От комнаты Его Преосвященства меня отделяла лишь тонкая перегородка, и я за ужином услыхал, какой нагоняй задал он кому-то, похоже, первому своему камердинеру, ведавшему дорожными расходами. Причина, вызвавшая праведный гнев кардинала, была та, что служитель скупился на обеды и ужины, как будто хозяин его был первейшим из испанских нищих.
— Я и не думаю скупиться, монсеньор, но тратить более решительно невозможно, если только не понуждать трактирщиков заламывать вдвое за трапезы, кои сами вы изволите находить обильными, где стол ломится от дичи, рыбы, вин.
— Пусть так, а голова вам на что дана? Вы могли бы отправлять вперед посыльных, заказывать обеды в местах, где я останавливаться не намерен, и все равно платить за них; пусть готовят на двенадцать человек, когда нас шесть, и непременно накрывают три стола, один для нас, другой для священников, третий для слуг. Ямщикам вы даете всего двадцать су, мне приходится краснеть за вас; сверх того, что за прогоны полагается, надобно давать не меньше экю, а коль сдачу с луидора приносят, оставлять ее на столе. Я видел, вы ее себе в карман кладете. Что за нищенство? И в Версале, и в Мадриде, и в Риме, ведь все всё знают, станут говорить, что кардинал де ла Серда нищий или, хуже того, скупец. Так знайте, что я не тот и не другой. Перестаньте позорить меня иль убирайтесь вон.

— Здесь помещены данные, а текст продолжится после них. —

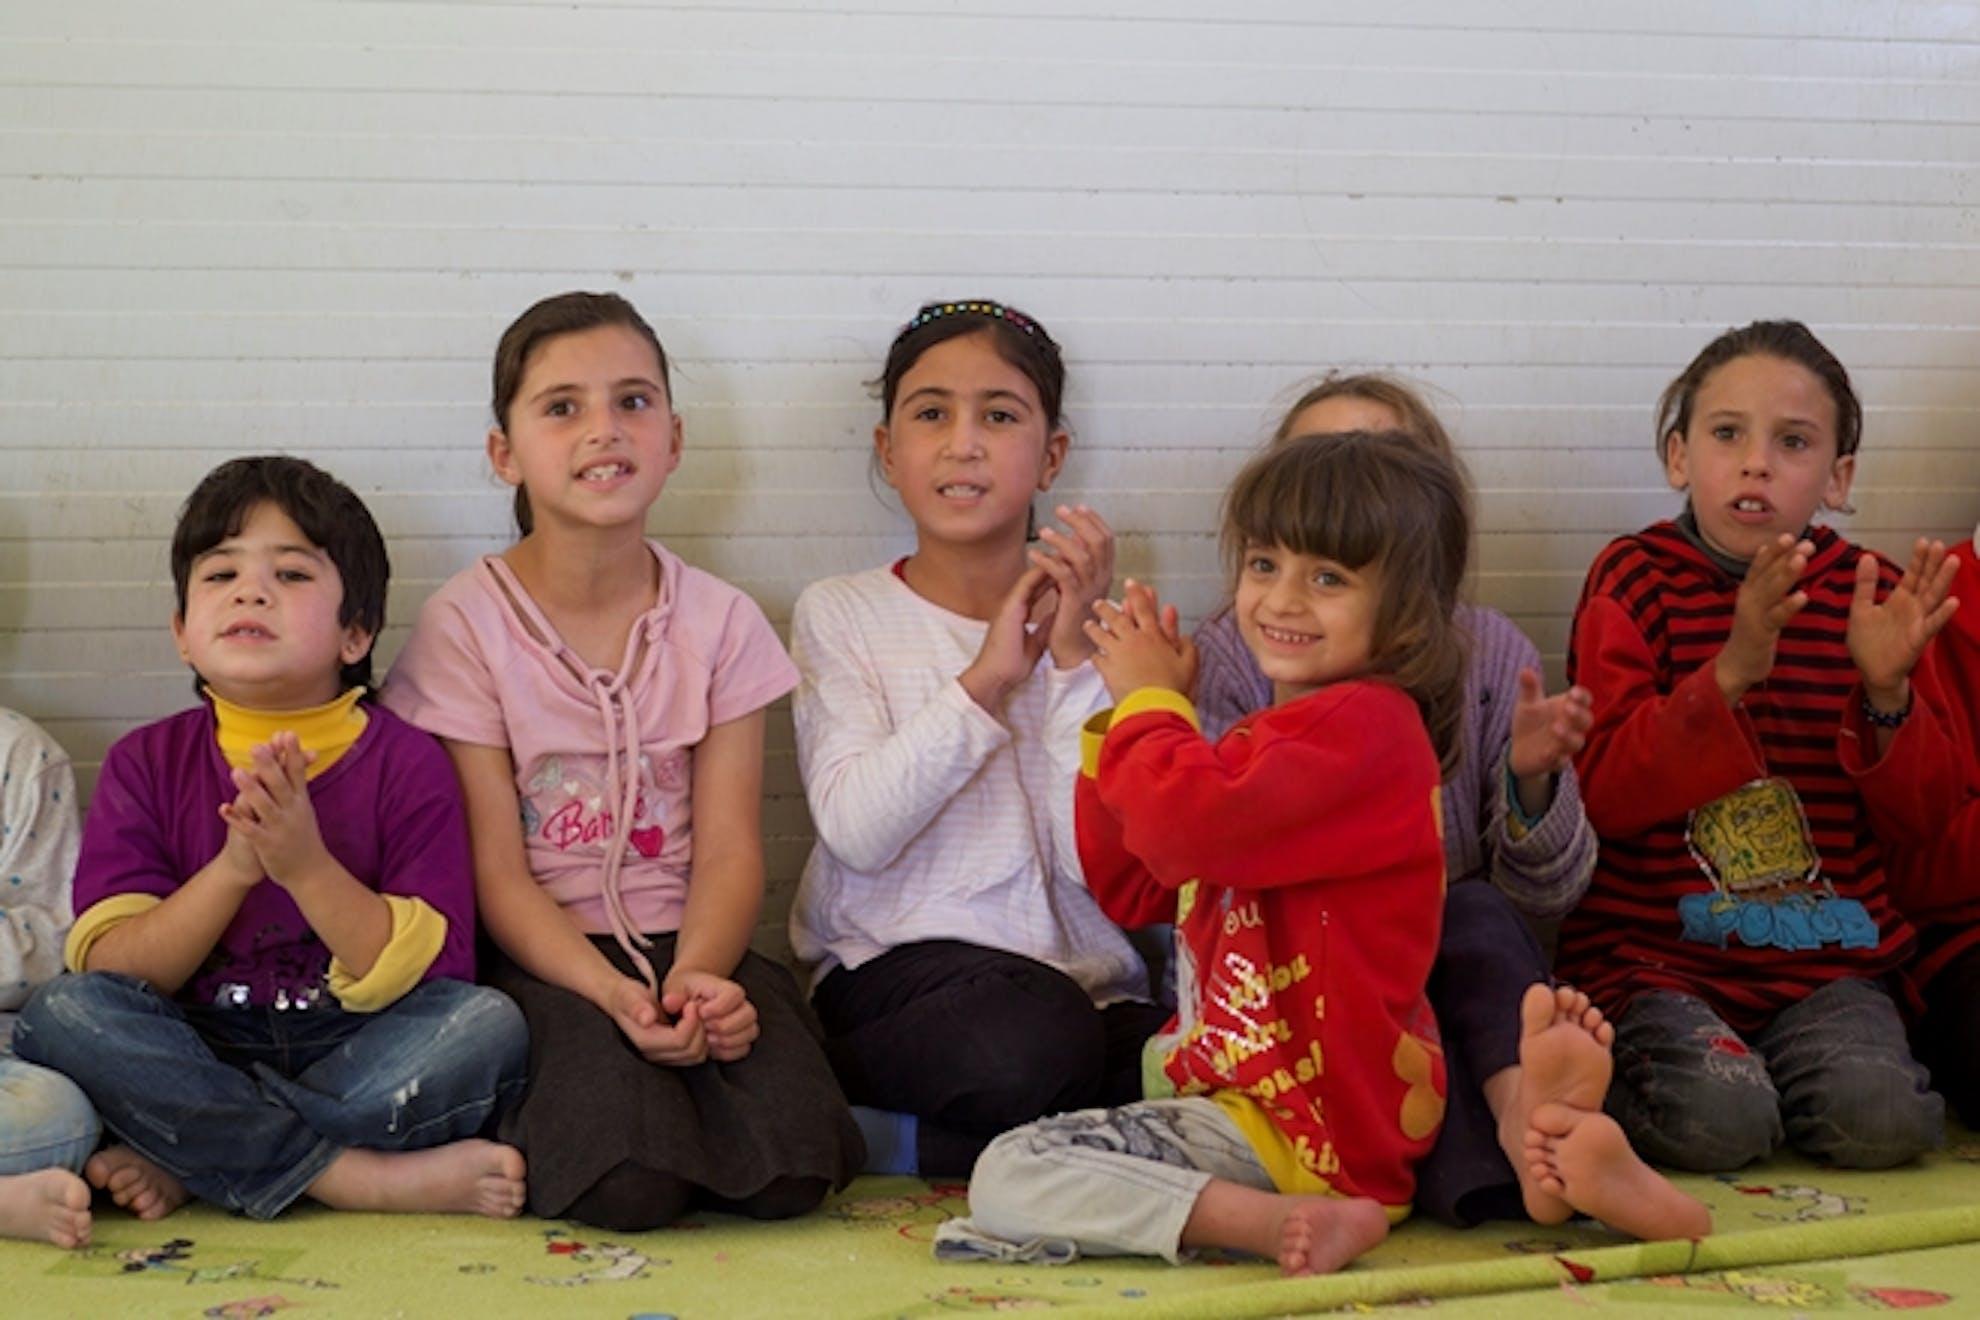 Safa, la bambina protagonista di questa storia, insieme ad alcune amichette in uno degli ambienti protetti installati dall'UNICEF nel campo profughi di Za'atari - ©UNICEF Giordania/2013/Shehzad Noorani

Таков характер испанского гранда, но на самом деле кардинал был прав. Я увидал его, когда он утром уезжал. Ну и рожа! Маленький, скособоченный урод, лицом черен и так мерзок, что только титулы да деньги, рассыпаемые щедрой рукой, могли возбудить к нему уважение, а то б все его за конюха принимали. Коль Бог тебя красотой обделил, а умом и достатком нет, сделай все, чтоб отвлечь от личности своей назойливые взоры. Роскошь превосходно излечивает природные изъяны, а чванство помогает уродам презирать красавцев.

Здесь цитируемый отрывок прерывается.